80 Millionen oder was?
Uwe Kalbe über Zuwanderung und den Boden, auf den sie fällt
Wir sind 80 Millionen, singt Max Giesinger. Sein Ohrwurm bedient eine überholte Vorstellung. Abgesehen davon, dass das mit der Fußball-EM-Hymne suggerierte »Wir« eine Illusion ist - sind wir nur noch 73,8 Millionen. Die Zahl der Deutschen (laut Pass) sank binnen eines Jahres um weitere 0,2 Prozent. Für Ökonomen ist die jüngste Einwohnerstatistik deshalb eher Grund zur Freude. Die Zahl von insgesamt 82,2 Millionen Einwohnern mit ihren deutschen und ausländischen Anteilen lässt darauf bauen, dass Deutschlands Wirtschaftskreisläufe wie geölt rundlaufen, seine Sozialsysteme weiter funktionieren. Dies ist jedoch ein allein demografisch begründeter Optimismus.
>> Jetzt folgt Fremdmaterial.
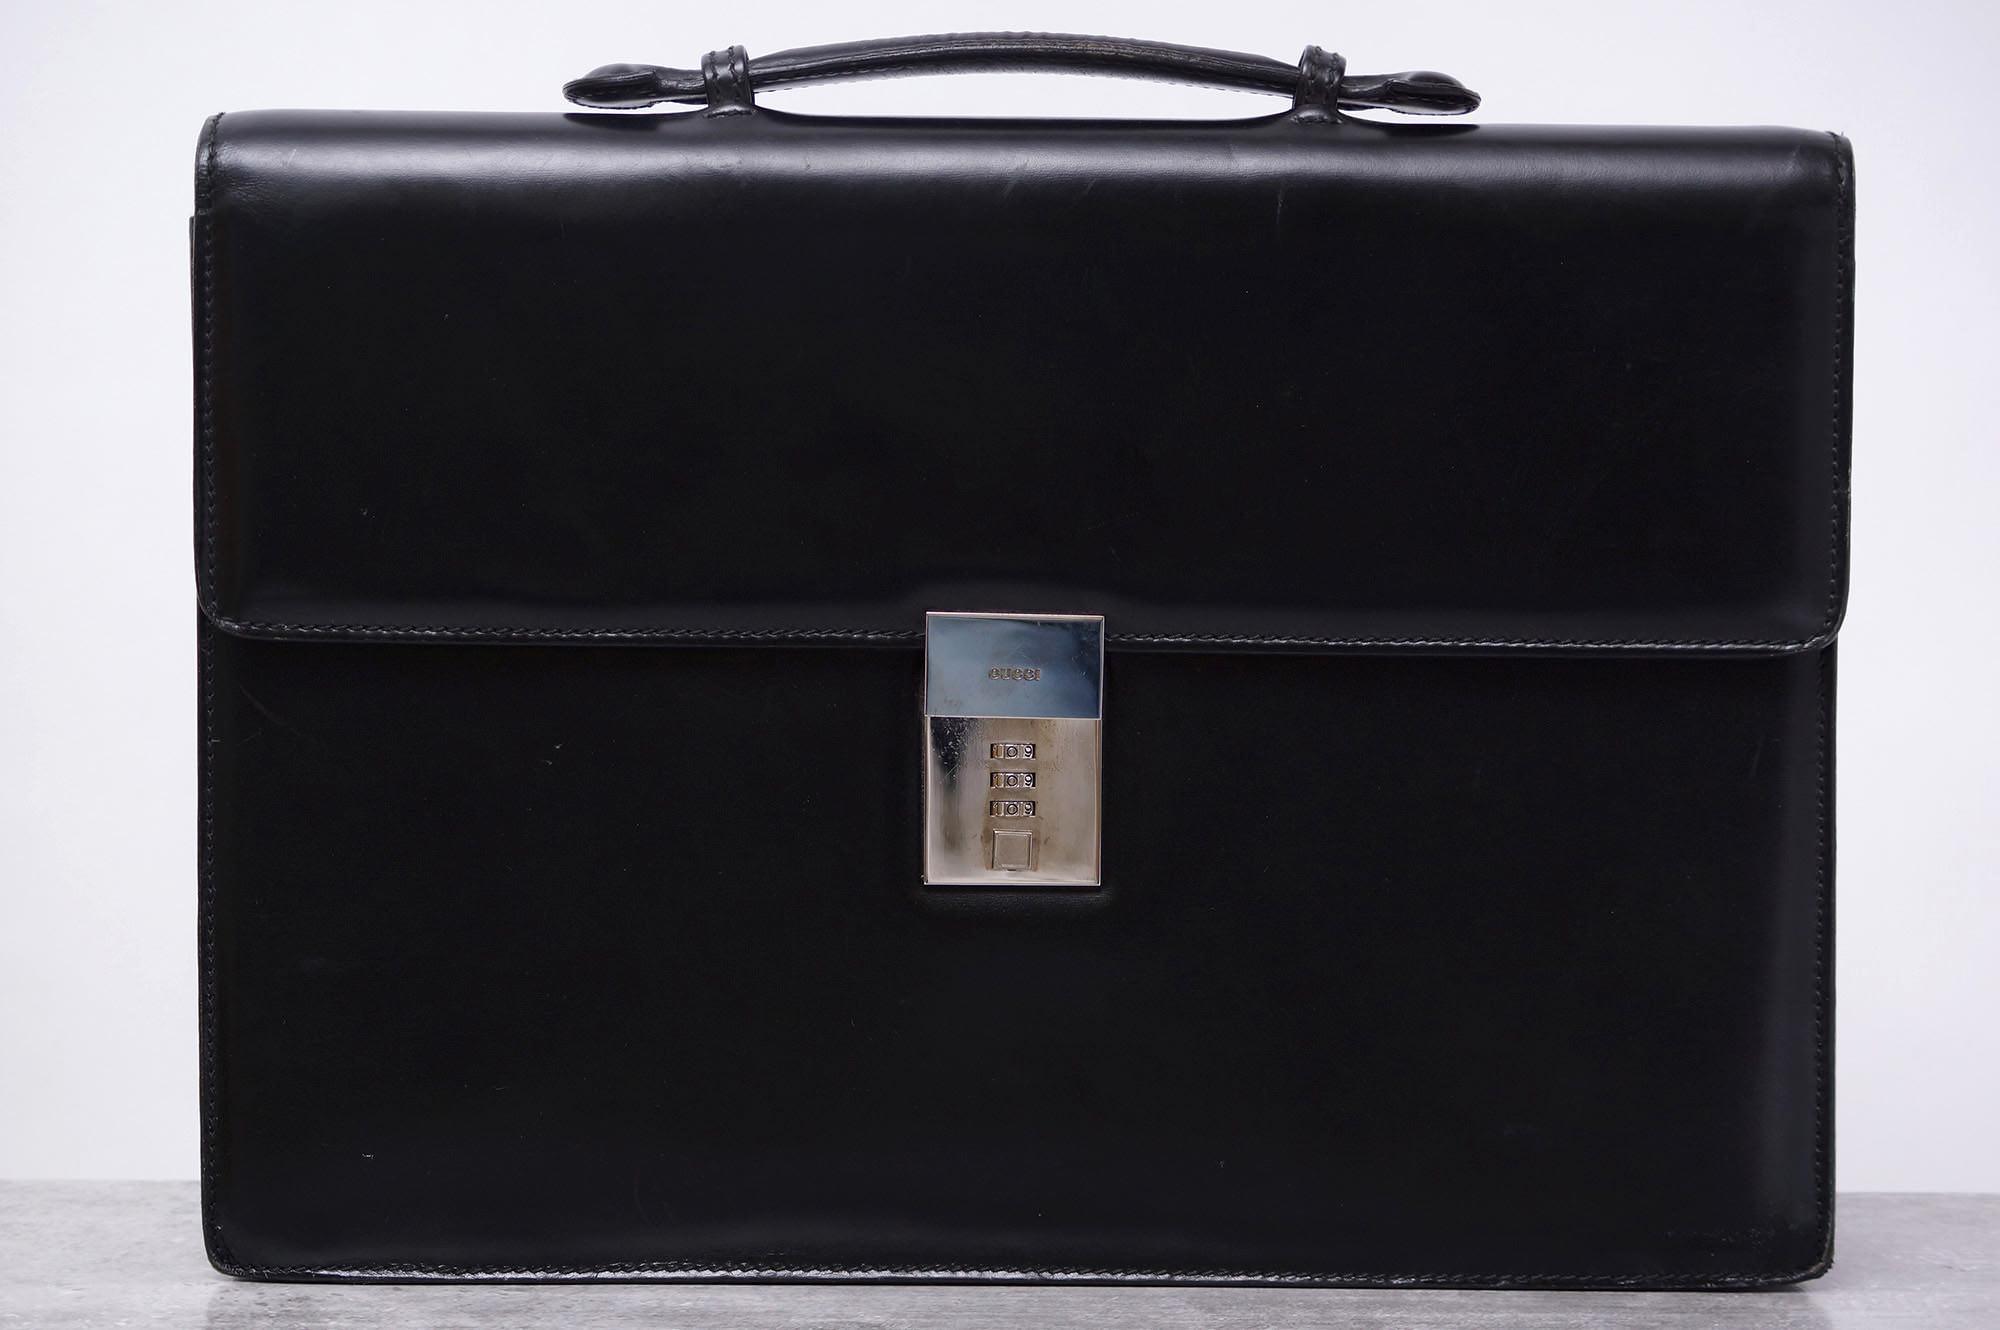 competitive price 084ce 1e63f グッチ / GUCCI ビジネスバッグ メンズ ブラック 黒 015 3361

Die jüngste Statistik fällt mitten hinein in eine Debatte über die Identität dieses Landes, in der sie flugs zwischen den unvereinbaren Positionen zerschlissen werden dürfte.
Realpolitik schafft derweil die Fakten. Es ist schon klar, dass das Tempo der Zuwanderung ein statistischer Ausreißer war und sich so nicht wiederholen wird; die Flüchtlingszahlen haben sich auf 16 000 Menschen pro Monat reduziert. Auch die 2015 gezählten Flüchtlinge werden längst nicht alle bleiben, daran arbeitet das Bundesamt für Migration hart. Wie immer die Debatte ausgeht, Chancen oder Gefahren beschworen werden - die Frage wird wohl erneut verschoben. Wie viele »wir« nun eigentlich sind.